We've been doing this for a few months now. I'm bored out of my skull. Lunches have been nothing but salads for me and sandwiches for the kids. Deviation from this norm gets the kids up in arms and kicks my anxiety about my carb load into gear. I can't have my favorite foods from the take out places. I've developed a shellfish allergy, so I can't even have my favorite soup once in a while (clam chowder). The stuff that I loved from the take out places are all too many carbs. This has Beloved and I resorting to scanning the nutritional facts about everything on a given restaurant's menu to try to find things. 
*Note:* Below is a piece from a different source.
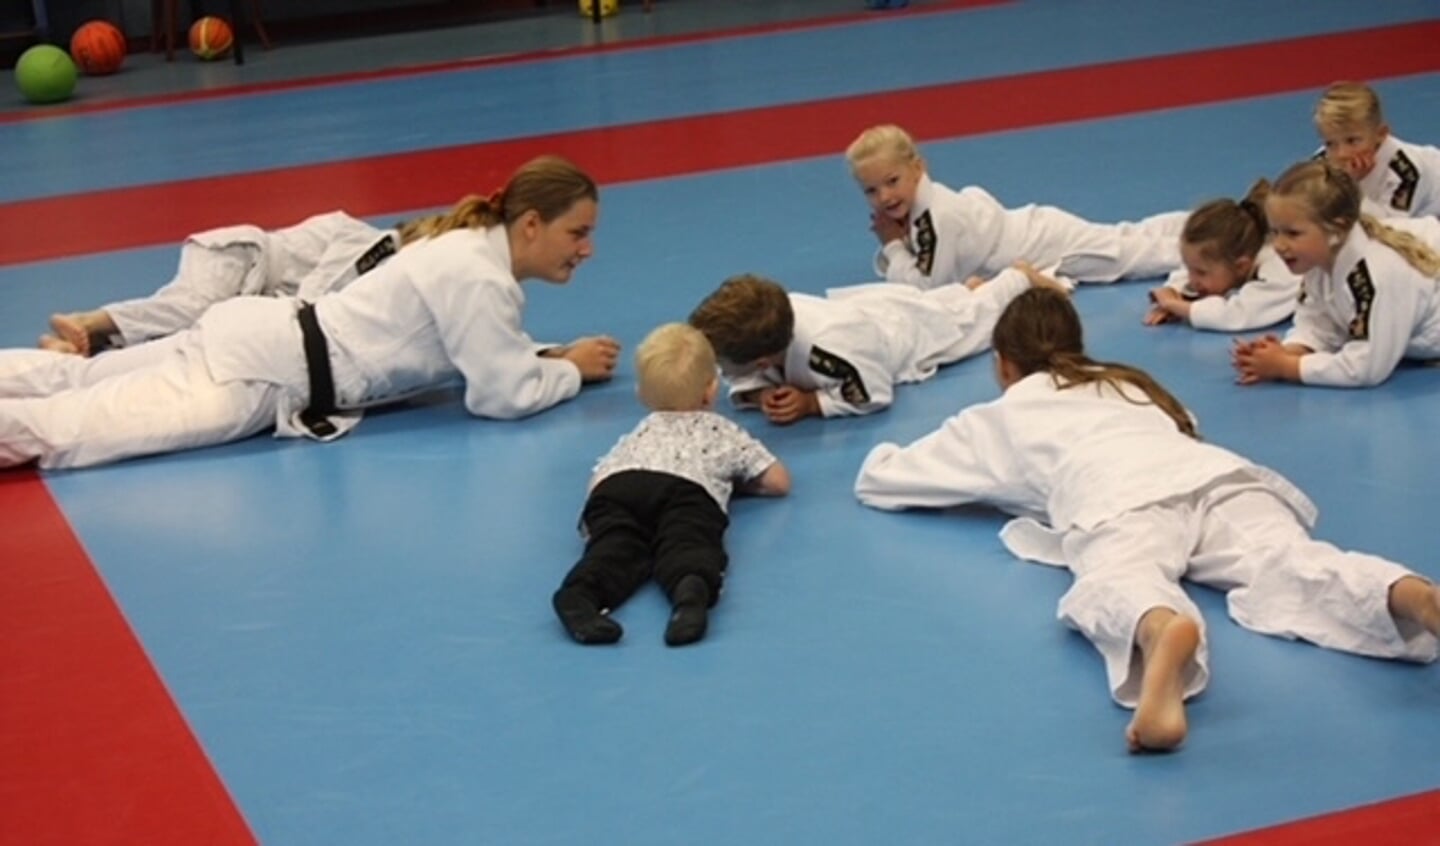 Tuimeljudo is de voorloper van judo en is voor kinderen van 2,5 tot 4 jaar. 
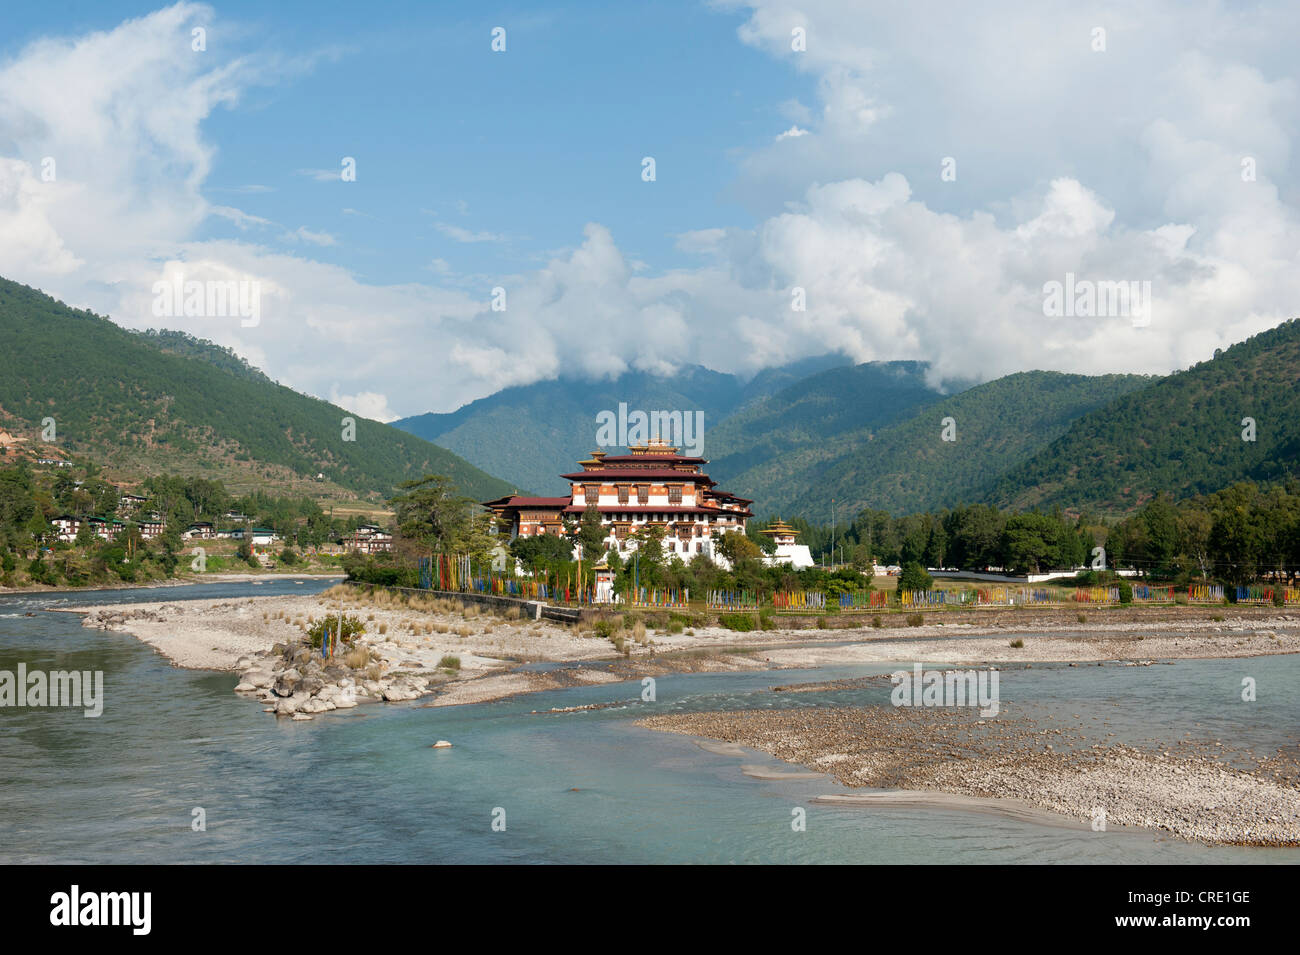 Le bouddhisme tibétain, fortess-monastère par la rivière, Dzong, montagnes boisées, Punakha, l'Himalaya, Royaume du Bhoutan Banque D'Images

It's stuff like basic burgers. It's depressing. It's also very stressful when we go to the in-laws. My half-addled father in law either keeps forgetting I have diabetes or is trying to insult me by talking about food that I should try. It's equally bad with my sister-in-law. It's been three years now since my diagnosis. You'd figure that they'd recall. I don't know. Maybe I'm looking at it the wrong way. I'm not ascribing malice to what could just be falliblity and/or stupidity. I'm just sick of it.

Anyways, old posts. They seem to get the most readership when I'm ranting and accidentally hit buzz words. I make a point to keep this blog separate from the other blogs that I have. I do my best not to cross-reference material. This is a more personal thing than the others. But sometimes it seems to bleed into them or vice versa.